Cueing Orthogonal Attributes—Potential Benefits 


Before looking at what effects prior information does have, it is worth 
considering what sorts of effects it might have. Consider what happens 
when subjects are told about a dimension of a stimulus that is orthogonal 
to the judgment they will make about the stimulus. In one way in which 
prior information might affect processing, the cue allows limited-capacity 
resources to be devoted to the processing of the signal more quickly than 
would have otherwise been possible.

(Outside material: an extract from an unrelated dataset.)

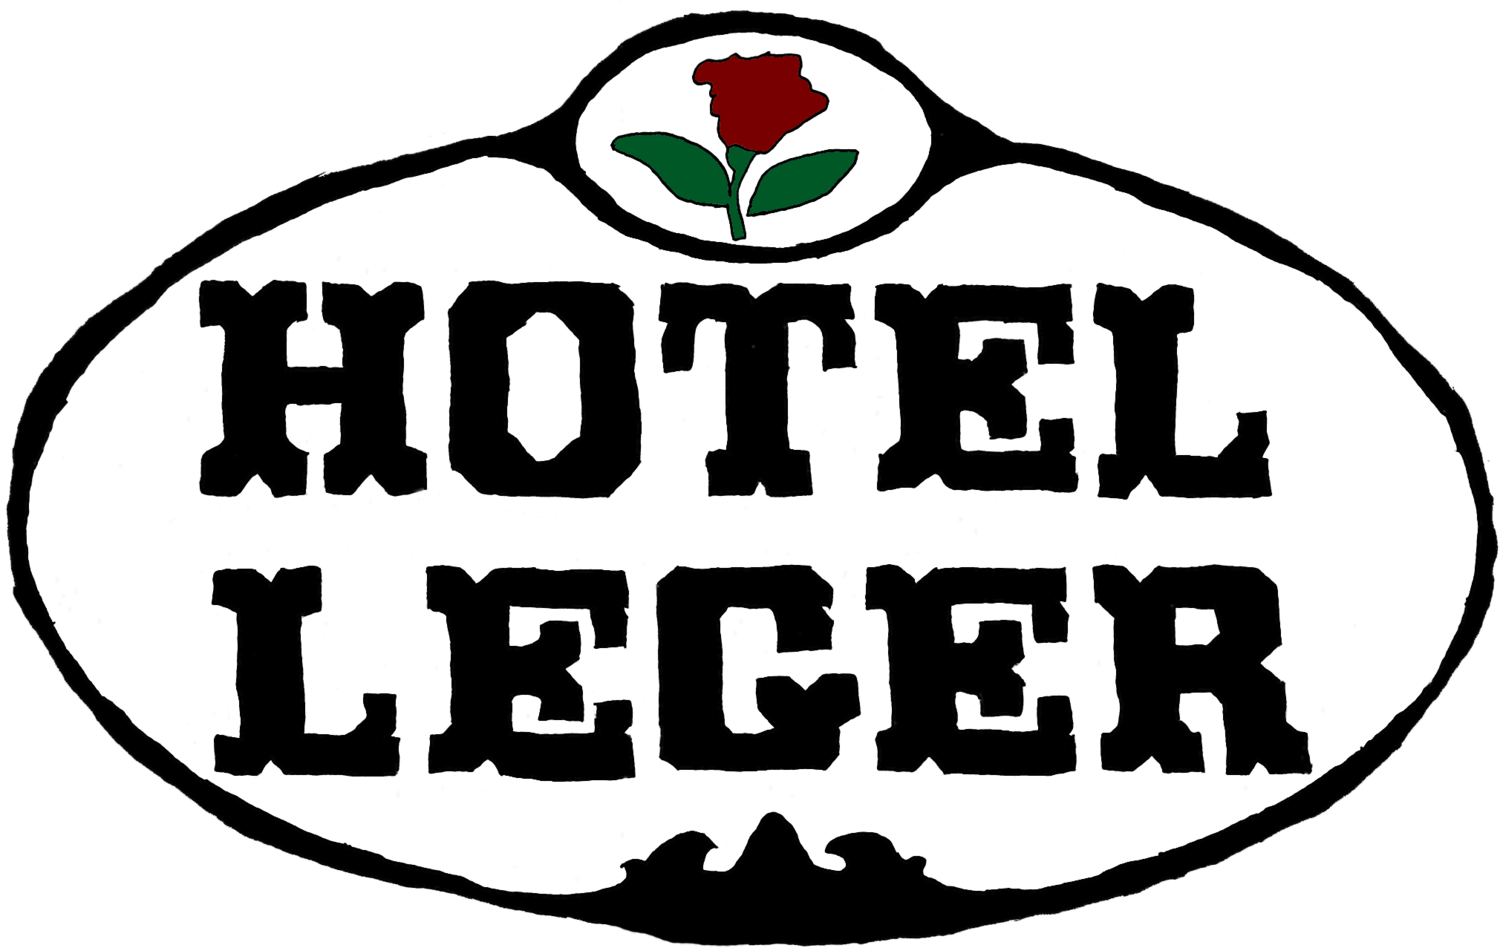 Hotel Léger Restaurant and Bar

This widely accepted account is 
illustrated in figure 4.1, which refers to location cueing; the top panel 
shows the valid-cue condition and the bottom panel shows the no-cue 
condition. After the cue appears, indicating that the second position is 
likely to contain the stimulus, capacity available to the second channel 
is increased. This is represented as a widening of that channel, and has 
the consequence that the stimulus is recognized more quickly than it 
would otherwise be (seen by comparison with the bottom panel). An 
extreme version of this hypothesis would postulate a discrete rather than 
a graded shift of resources, where capacity must be shifted completely 
before processing can proceed. Many investigators suggested accounts of 
this kind for advance information about the location of a visual stimulus 
(Posner, Snyder, and Davidson, 1980; Johnston, McCann, and 
Remington, 1996). This general type of explanation for cueing effects 
will be referred to as a capacity-allocation mechanism. 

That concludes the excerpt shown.